*YOUR OBJECTIVE:* Which lines in the data contain the word "Histogramm"? Please copy each of them.

*RECORDED INFORMATION:*
______________________________

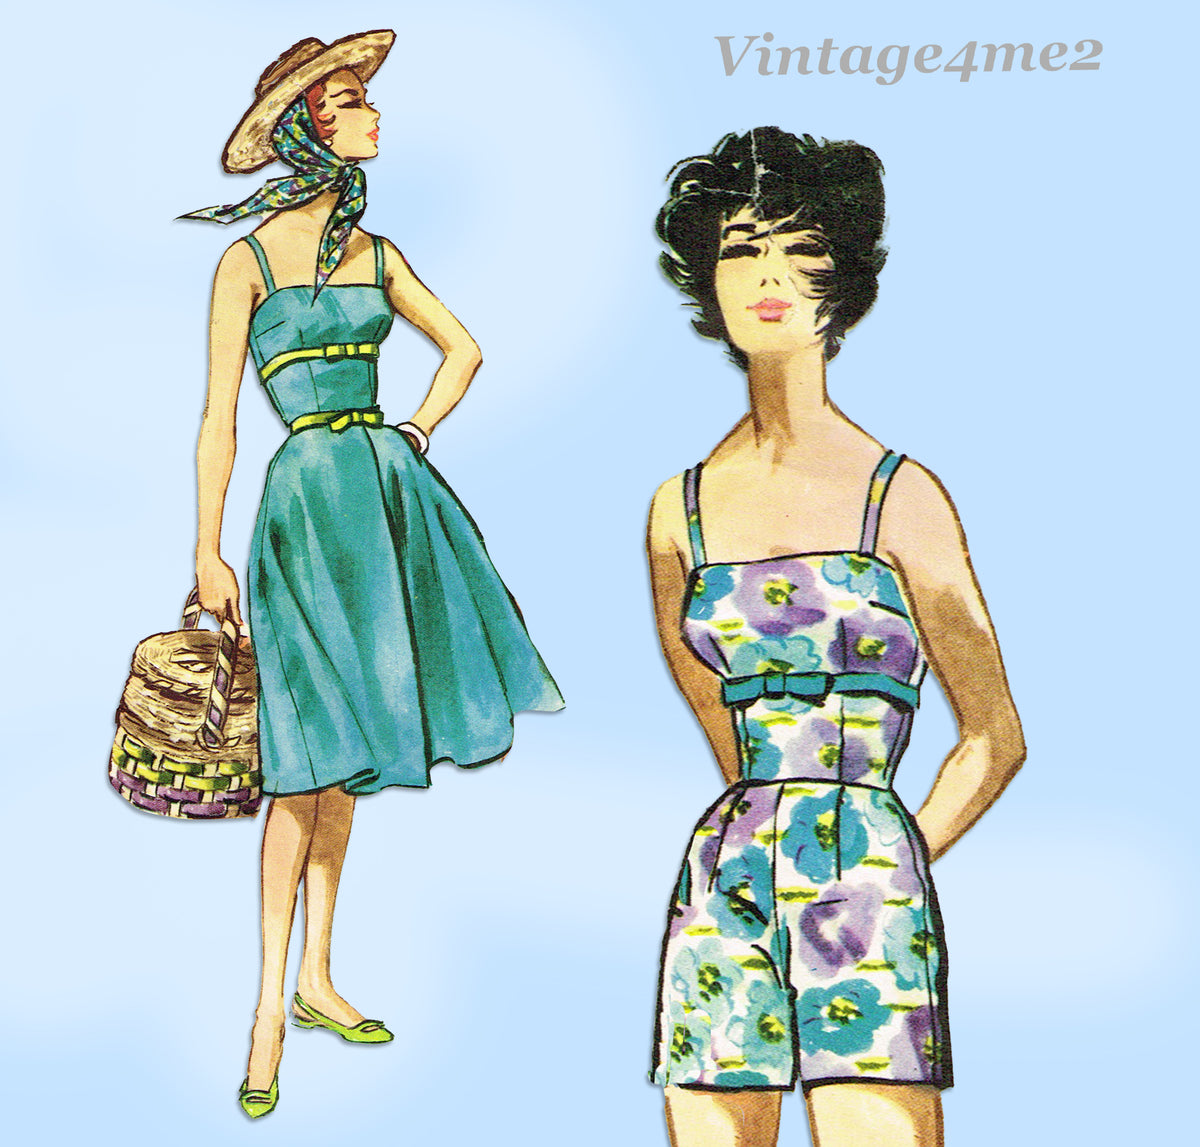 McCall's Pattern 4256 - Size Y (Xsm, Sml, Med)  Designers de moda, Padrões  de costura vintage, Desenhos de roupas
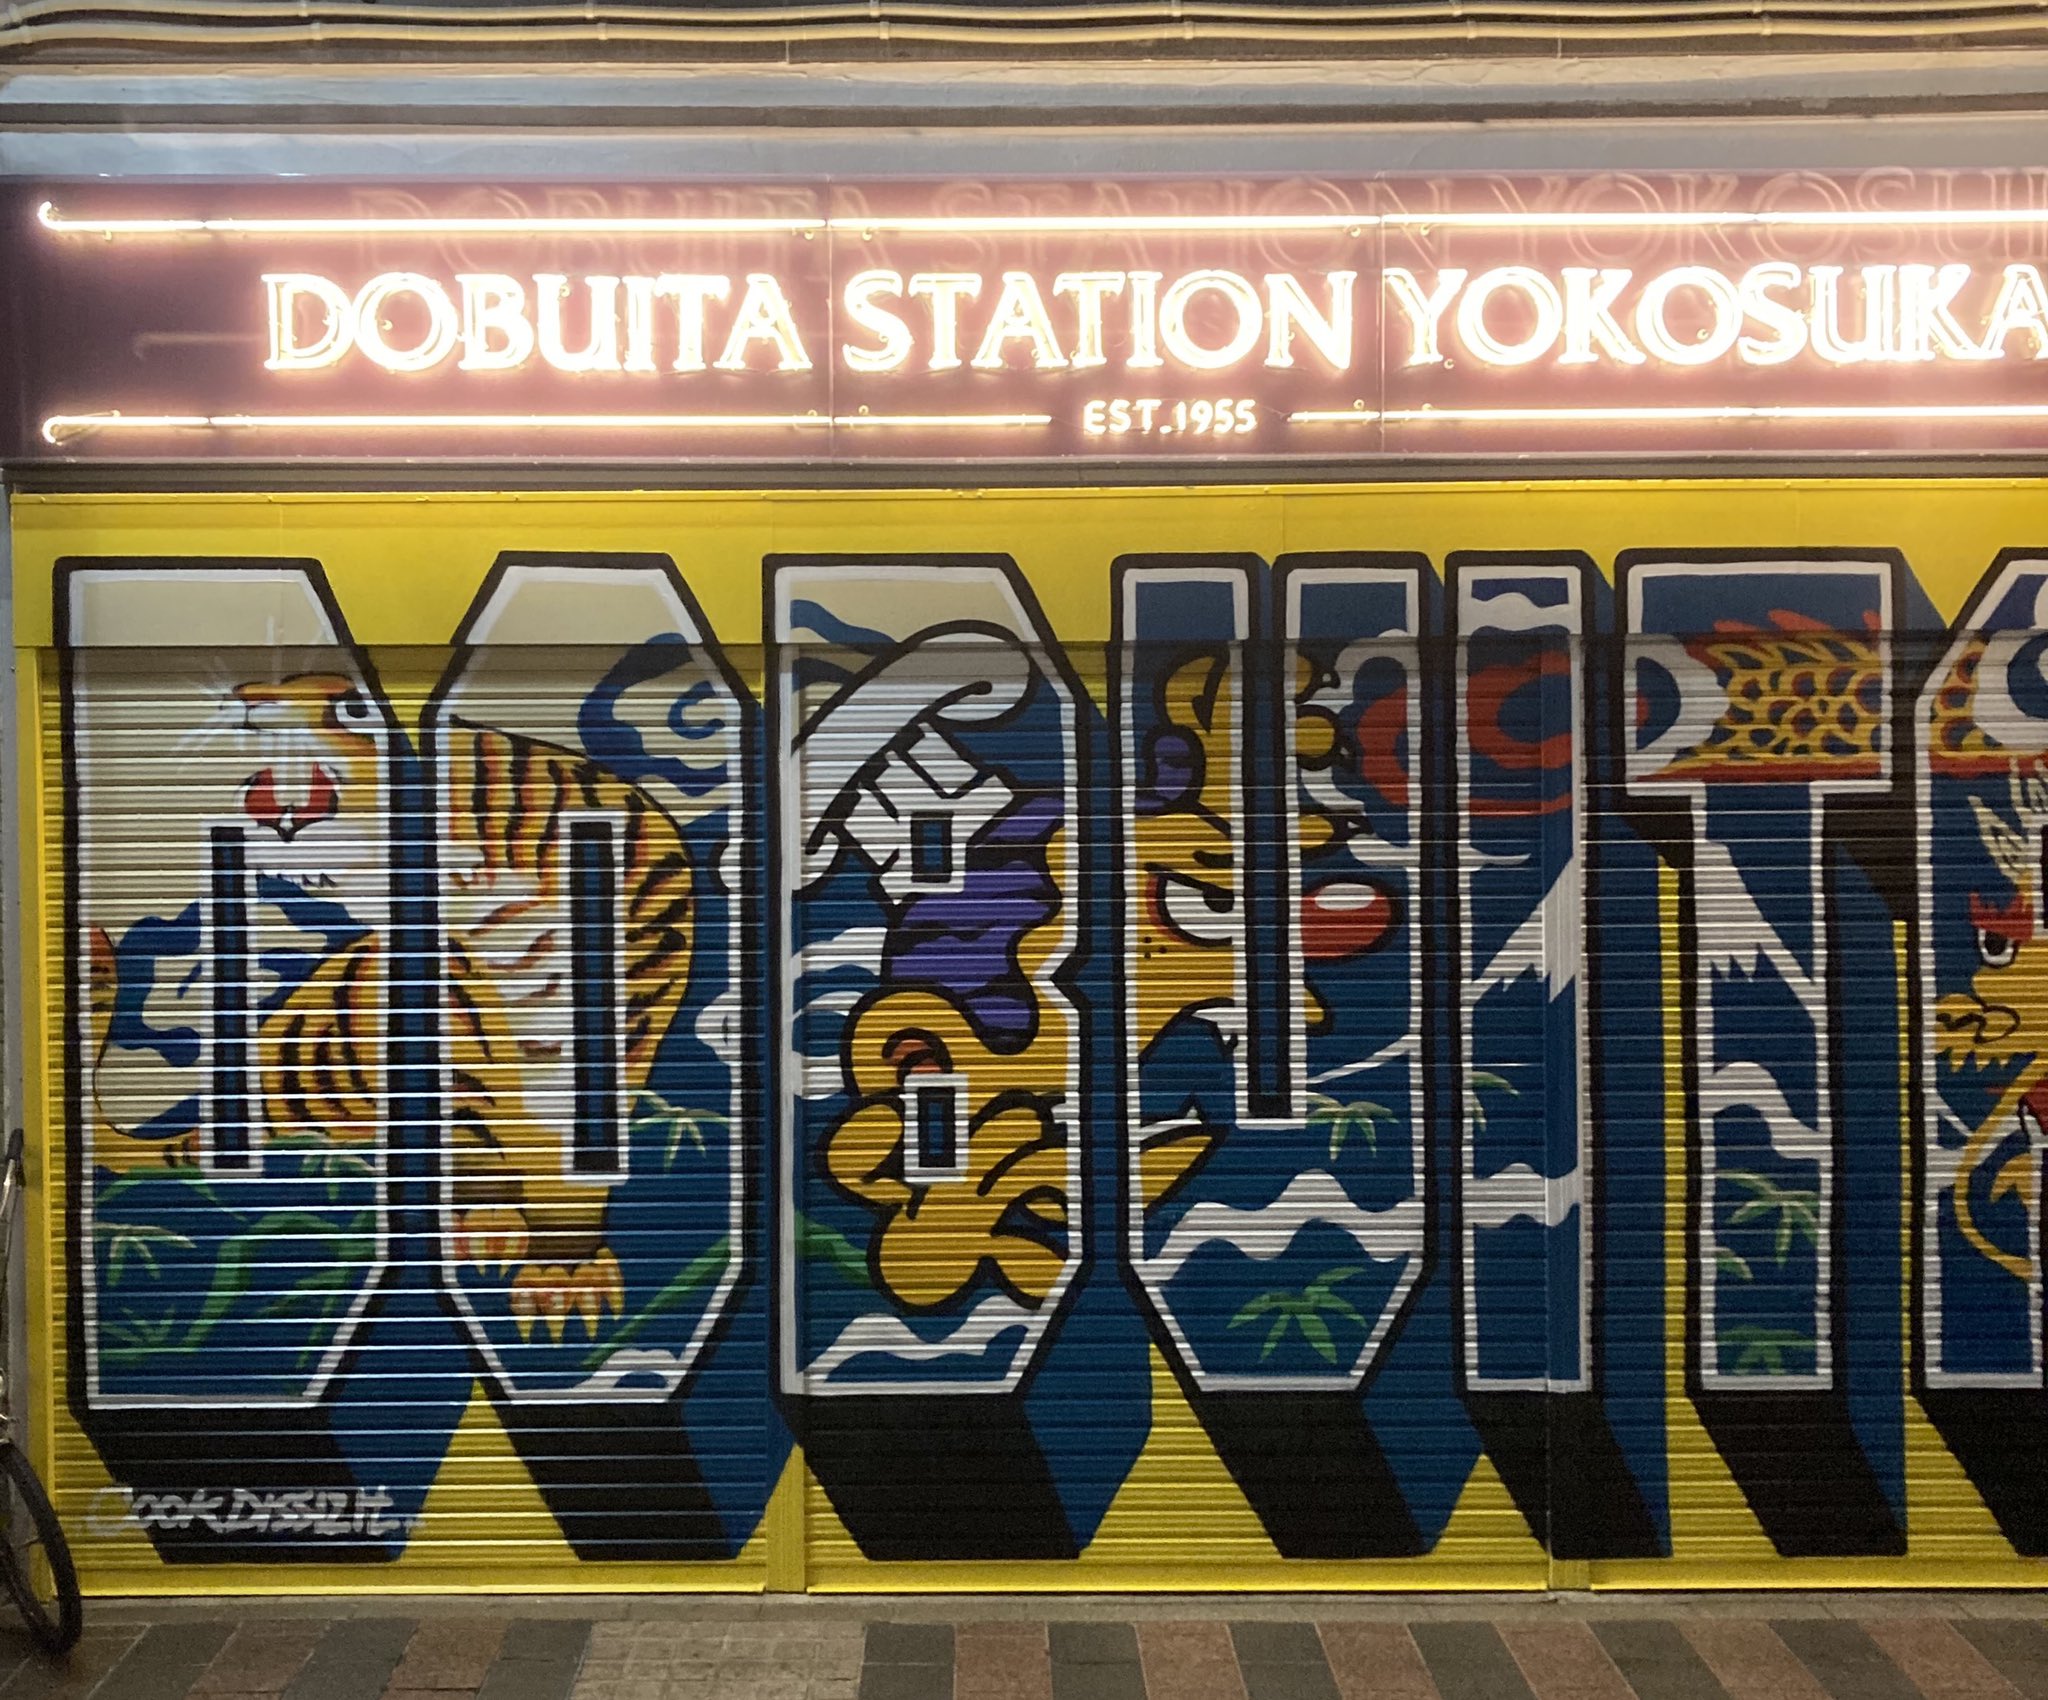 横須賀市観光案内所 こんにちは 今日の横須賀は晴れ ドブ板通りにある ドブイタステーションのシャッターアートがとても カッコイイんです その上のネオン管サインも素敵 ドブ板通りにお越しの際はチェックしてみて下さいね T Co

______________________________

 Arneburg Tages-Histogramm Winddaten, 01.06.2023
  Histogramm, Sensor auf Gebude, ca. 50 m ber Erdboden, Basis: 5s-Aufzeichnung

______________________________

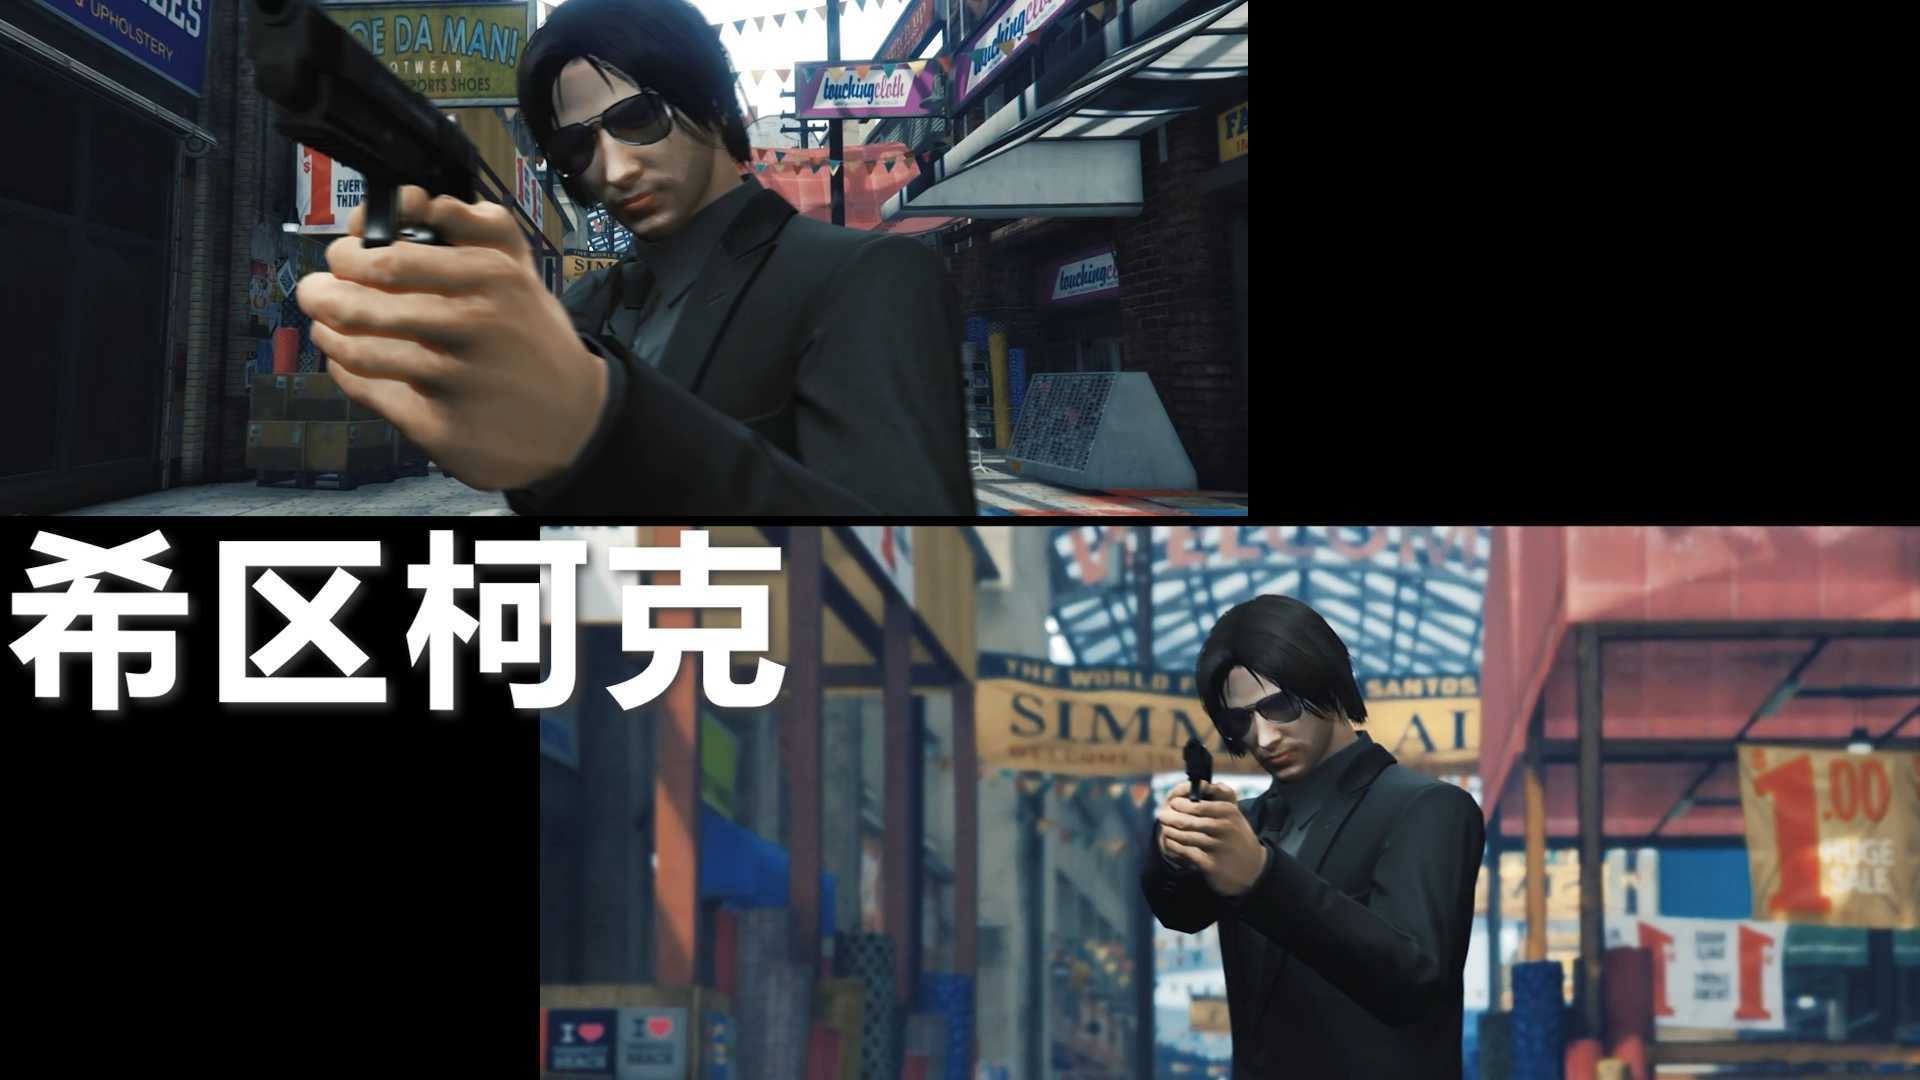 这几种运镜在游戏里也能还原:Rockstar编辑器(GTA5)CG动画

______________________________

*EXERCISE ANSWER:*
 Arneburg Tages-Histogramm Winddaten, 01.06.2023
  Histogramm, Sensor auf Gebude, ca. 50 m ber Erdboden, Basis: 5s-Aufzeichnung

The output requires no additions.